Researchers from the Nanoelectronics Research Institute (NeRI) and the National Institute of Advanced Industrial Science and Technology (AIST) have developed a graphene transistor with a new operating principle, in collaboration with Innovation Center for Advanced Nanodevices (ICAN) and the National Institute for Materials Science (NIMS).
In the developed transistor, two electrodes and two top gates are placed on graphene and graphene between the top gates is irradiated with a helium ion beam to introduce crystalline defects. Gate biases are applied to the two top gates independently, allowing carrier densities in the top-gated graphene regions to be effectively controlled. An electric current on/off ratio of approximately four orders of magnitude was demonstrated at 200 K (approximately −73 °C). In addition, its transistor polarity can be electrically controlled and inverted, which to date has not been possible for transistors. This technology can be used in the conventional production technology of integrated circuits based on silicon, and is expected to contribute to the realization of ultra-low-power-consumption electronics by reducing operation voltage in future.

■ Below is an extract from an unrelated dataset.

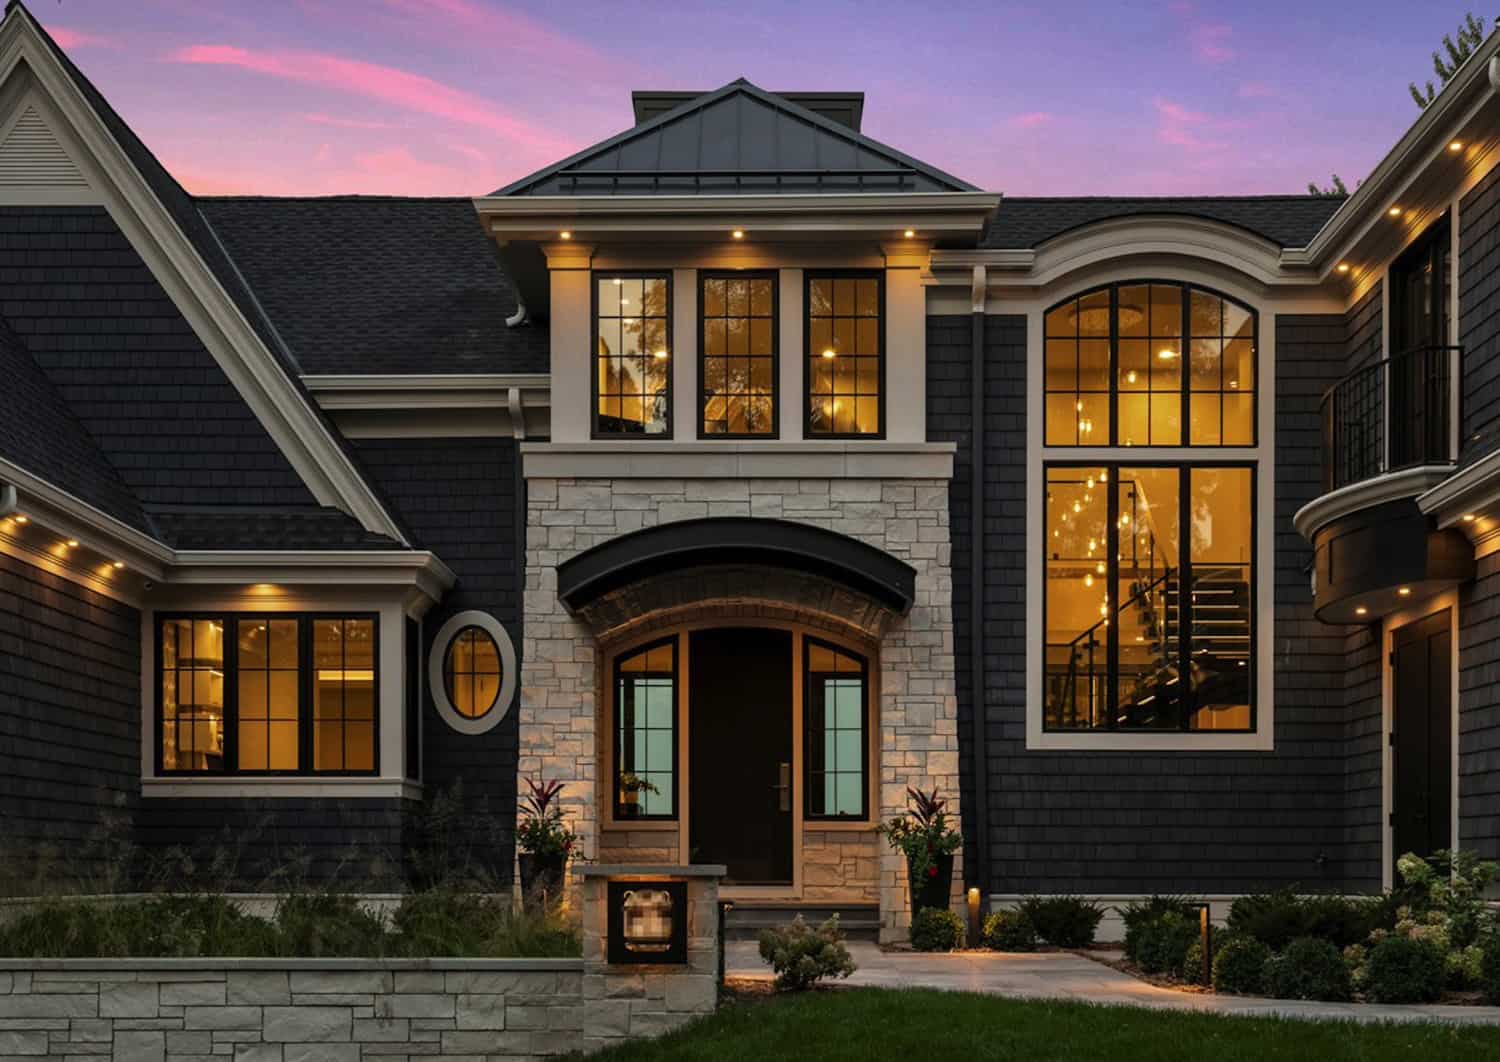 transitional-style-home-exterior-at-dusk

In recent years, the increase in power consumption associated with the spread of mobile information terminals and the progress in IT devices has become a concern. Societal demand for reduction of the power consumed by electronic information devices is increasing. Although attempts at reducing the power consumed by large-scale integrated circuits (LSIs) have been advanced, the conventional transistor structure is considered to have inherent limits. Meanwhile, electron mobility of graphene, which represents the ease of electron movement, is at least 100 times larger than that of silicon. It is also expected that graphene can be used to resolve the problems of the inherent limits of silicon and other materials.
Therefore, graphene has the potential to remove the obstacle to reducing the power consumed by LSIs, and it is expected that graphene will be used as a material for ultra-low-power-consumption transistors of the post-silicon age that utilize new functional atomic films.
However, when graphene is used in a switching transistor, electric current cannot be sufficiently interrupted, because graphene has no band gap. Also, although there is technology for forming band gaps, electron mobility decreases when the band gap required for switching is formed. Therefore, a graphene transistor with a new operating principle that can perform the switching operation effectively with a small band gap is required.
In order to demonstrate the transistor operation of the new operation principle, a transistor was fabricated by forming source and drain electrodes and a pair of top gates on a single-layer graphene isolated from graphite. An appropriate dose of helium ions was applied between the top gates to make a helium ion irradiated channel and the outer unnecessary graphene was irradiated with a heavy dose of helium ions to make it an insulator. As a result, the transistor channel is 20 nm in length and 30 nm in width.
On/off operation of the fabricated transistor was performed at the low temperature of 200 K (approximately −73 °C). The source and drain terminals were applied with biases of −100 mV and +100 mV, respectively. The gate bias of the drain-side gate was fixed at −2 V, and that of the source-side gate was swept from −4 V to +4 V and the electric current flowing between the source and drain electrodes was measured. An on/off ratio of approximately four orders of magnitude was observed.
In the developed transistor, the on state or off state is controlled according to whether the polarities of the voltages applied to the two top gates are the same or different. Therefore, by fixing one gate bias and changing its polarity, it is possible to control whether the transistor operation by sweeping the other gate voltage is n-type or p-type. In the present experiment, voltages of −100 mV and +100 mV were applied to the source and drain terminals, respectively.
The researchers are aiming to realize CMOS operation in which transistor polarities can be changed through electrical control. They are also aiming to create a device prototype using a large-scale wafer with graphene synthesized by the CVD method (chemical vapor-phase deposition method). At the same time, efforts to achieve higher-quality graphene will be made in order to improve the on/off ratio of electric current at room temperature and carrier mobility.